NOTE: Please shutdown milvus properly otherwise it can corrupt the data
Will return a vector search based on the payload parameters
Payload:
{
"search": "string",
// *Required: Search text to find similar items for
"document_ids": [
"string"
],
// *Optional: List of document IDs (plays partition role)
"offset": 0,
// *Optional: how many responses to skip
"limit": 0,
// *Optional: how many responses to return
"sf": 0
// *Optional: Search factor ( rf or nprobe depending on the index )
}
Response:
{
"result_items": 0,
// Results count
"results": [
{
"distance": 0,
// Distance value
"document_id": "string",
// document_id of the result
"section_id": "string",
// section_id of the result
"segment_id": "string"
// section_id of the result
}
]
}
Will add or update a new vector row/item
Payload:
{
"segment_text": "string",
// Text to vectorize and save
"document_id": "string",
// Id of the document ( plays partition role )
"section_id": "string",
// Id of the section
"segment_id": "string"
// Id of the segment
}
Response:
{
"insert_count": 1,
// Inserted segments
"upsert_count": 1,
// Updated segments
"delete_count": 1
// Deleted segments
}
NOTE: For some reason they all return as 1 due to an issue with milvus library
The endpoint will delete the requested vector
Warning: Deleting vectors can cause lag spikes and temporary performance slowdowns
Payload:
{
"document_id": "string",
// Id of the document ( plays partition role )
"section_id": "string",
// Id of the section
"segment_id": "string"
// Id of the segment
}
Response:
{
"delete_count": 1
// Deleted segments
}
struct MilvusSegmentGetRequest {
1: string search; // Search text to find similar items for
2: optional list<string> document_ids, // List of document IDs (plays partition role)
3: optional i16 offset; // how many responses to skip
4: optional i16 limit; // how many responses to return
5: optional i16 sf; // Search factor ( rf or nprobe depending on the index )
}
struct L2SegmentSearchResult {
1: double distance, // Distance value
2: string document_id, // document_id of the result
3: string section_id, // section_id of the result
4: string segment_id // section_id of the result
}
struct L2SegmentSearchResponse {
1: list<L2SegmentSearchResult> results, // List of results
2: i32 total // Results count
3: bool is_error // Is error or not
4: optional string error_text // Error message text
}
struct MilvusSegmentUpsertPayload {
1: string segment_text; // Text to vectorize and save
2: string document_id; // Id of the document ( plays partition role )
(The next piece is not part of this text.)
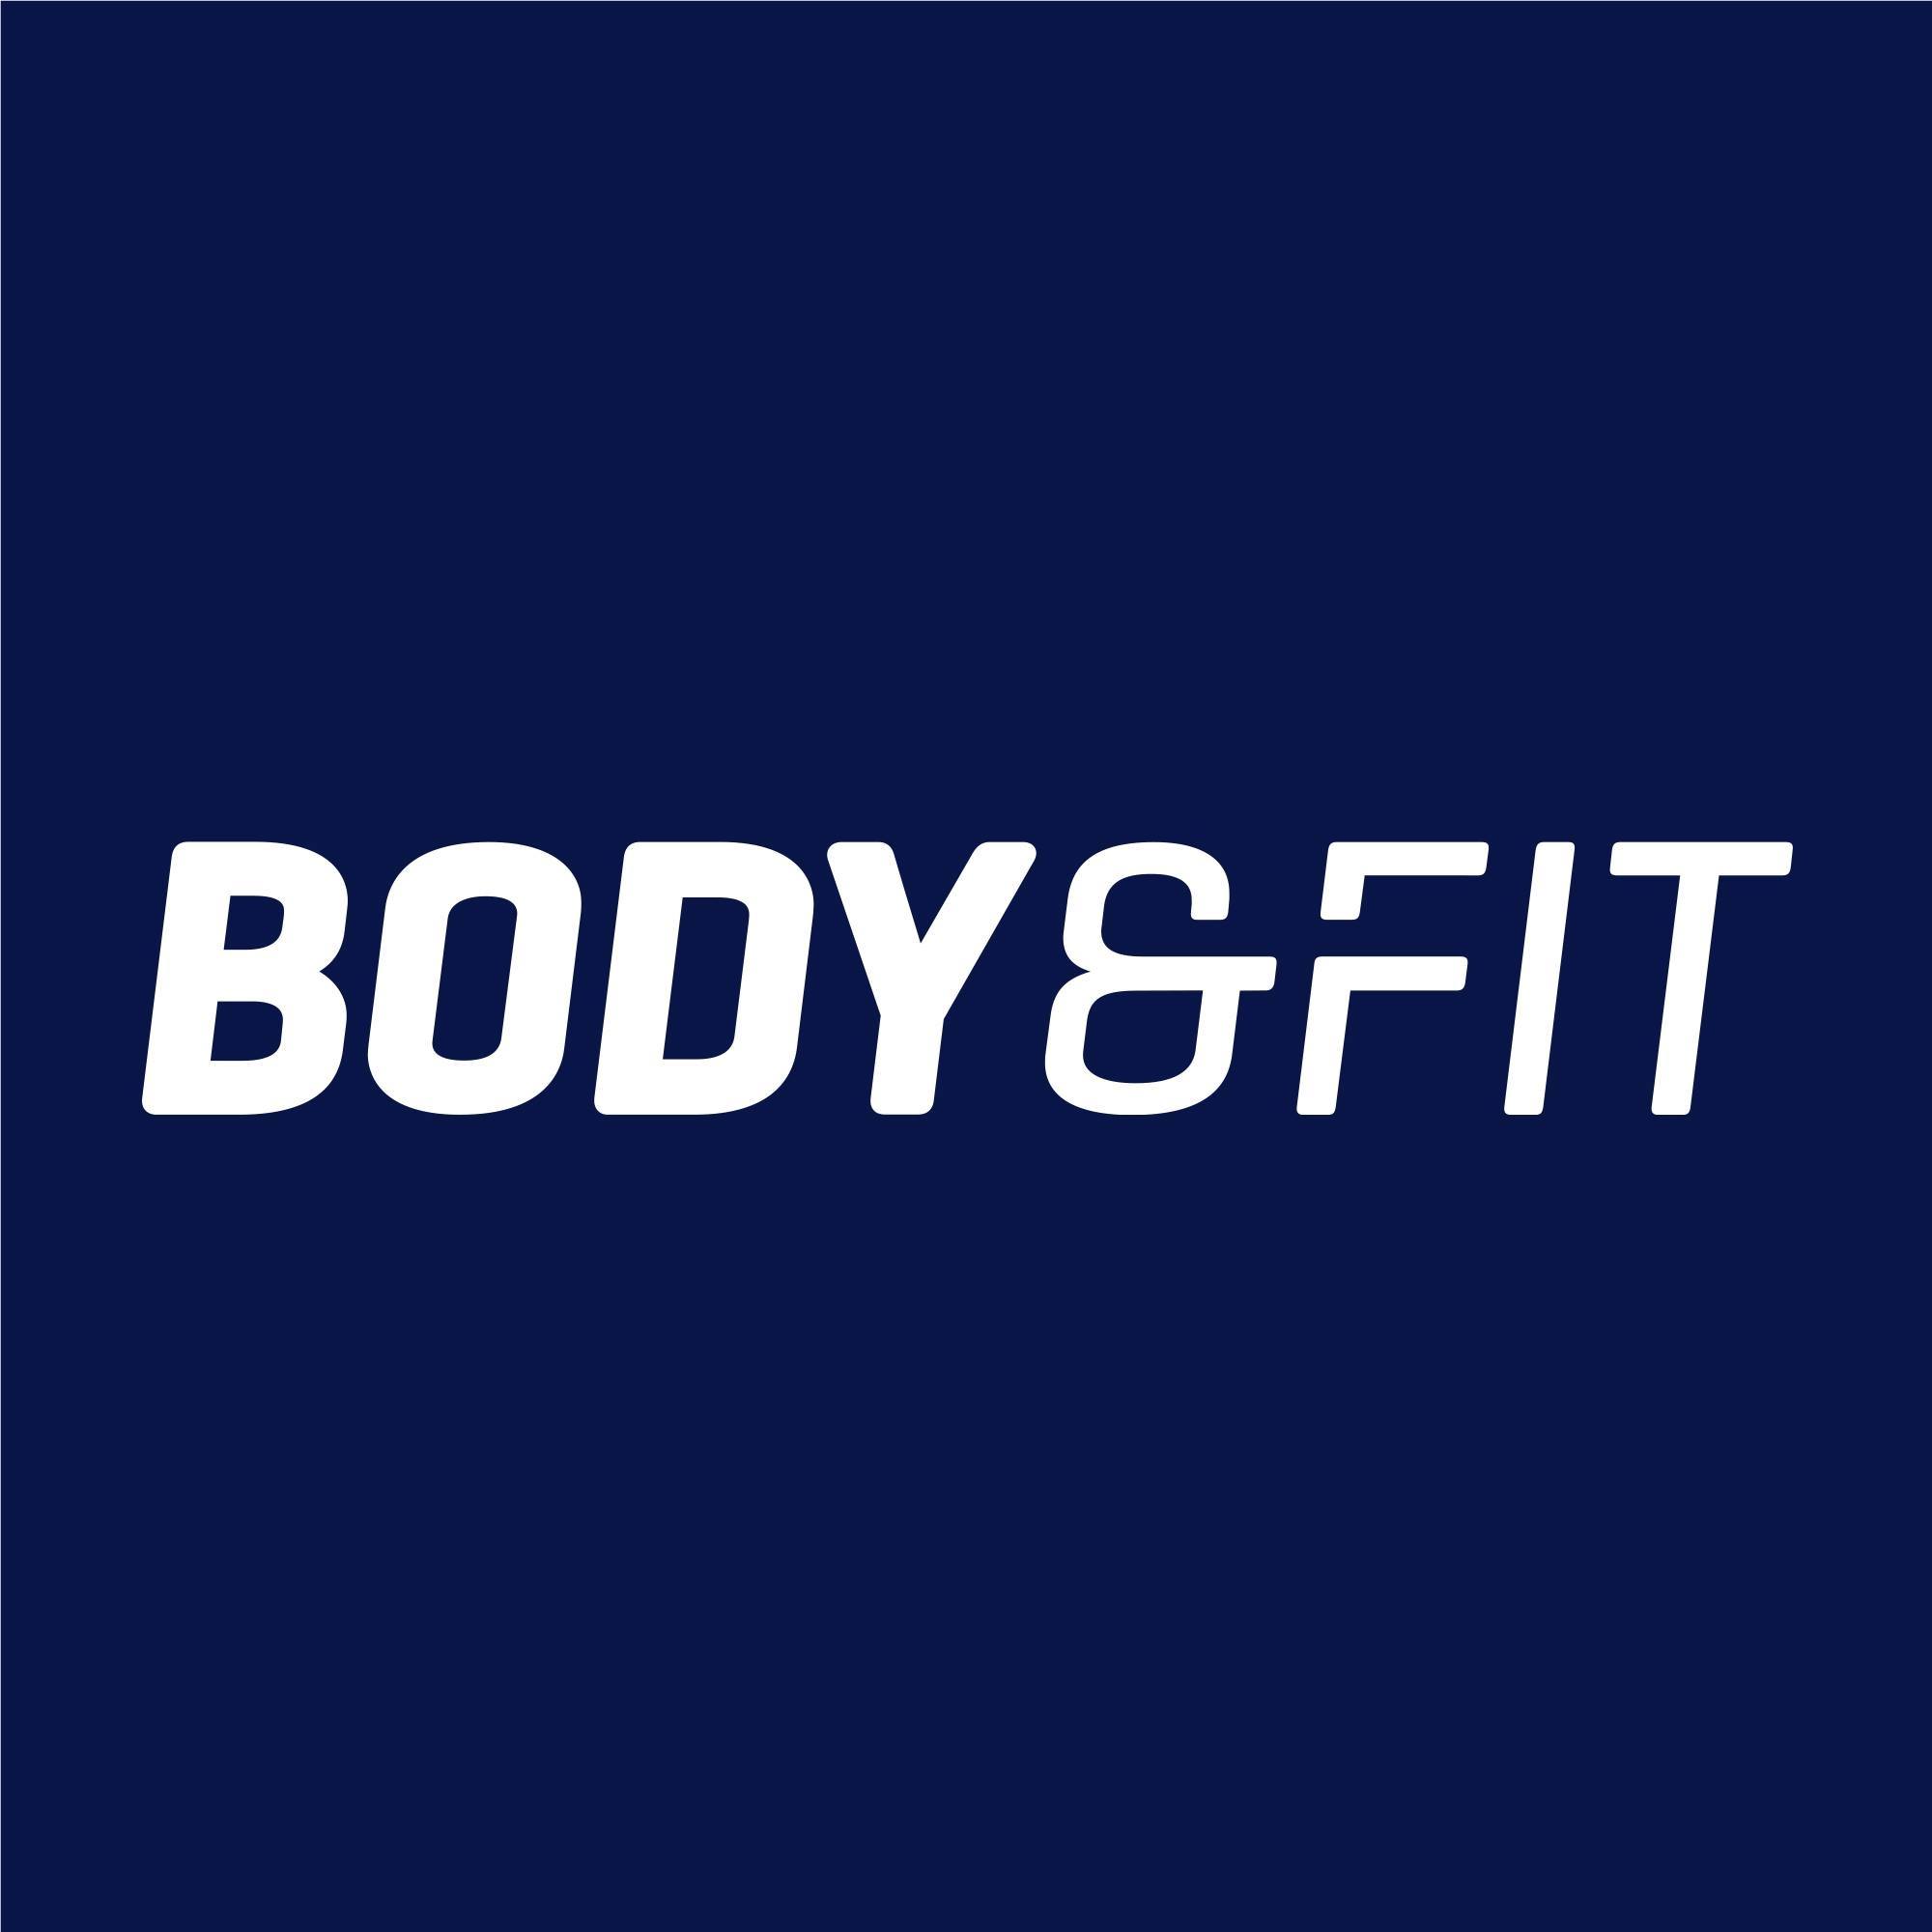 Spare bis zu 30% bei Body and Fit

3: string section_id; // Id of the section
4: string segment_id; // Id of the segment
}
struct L2SegmentUpsertResponse {
1: i32 insert_count // Inserted segments
2: i32 update_count // Updated segments
3: i32 delete_count // Deleted segments
4: bool is_error // Is error or not
5: optional string error_text // Error message text
}
struct MilvusSegmentDeletePayload {
2: string document_id; // Id of the document ( plays partition role )
3: string section_id; // Id of the section
4: string segment_id; // Id of the segment
}
struct L2SegmentDeleteResponse {
1: i32 delete_count // Deleted segments
3: bool is_error // Is error or not
4: optional string error_text // Error message text
}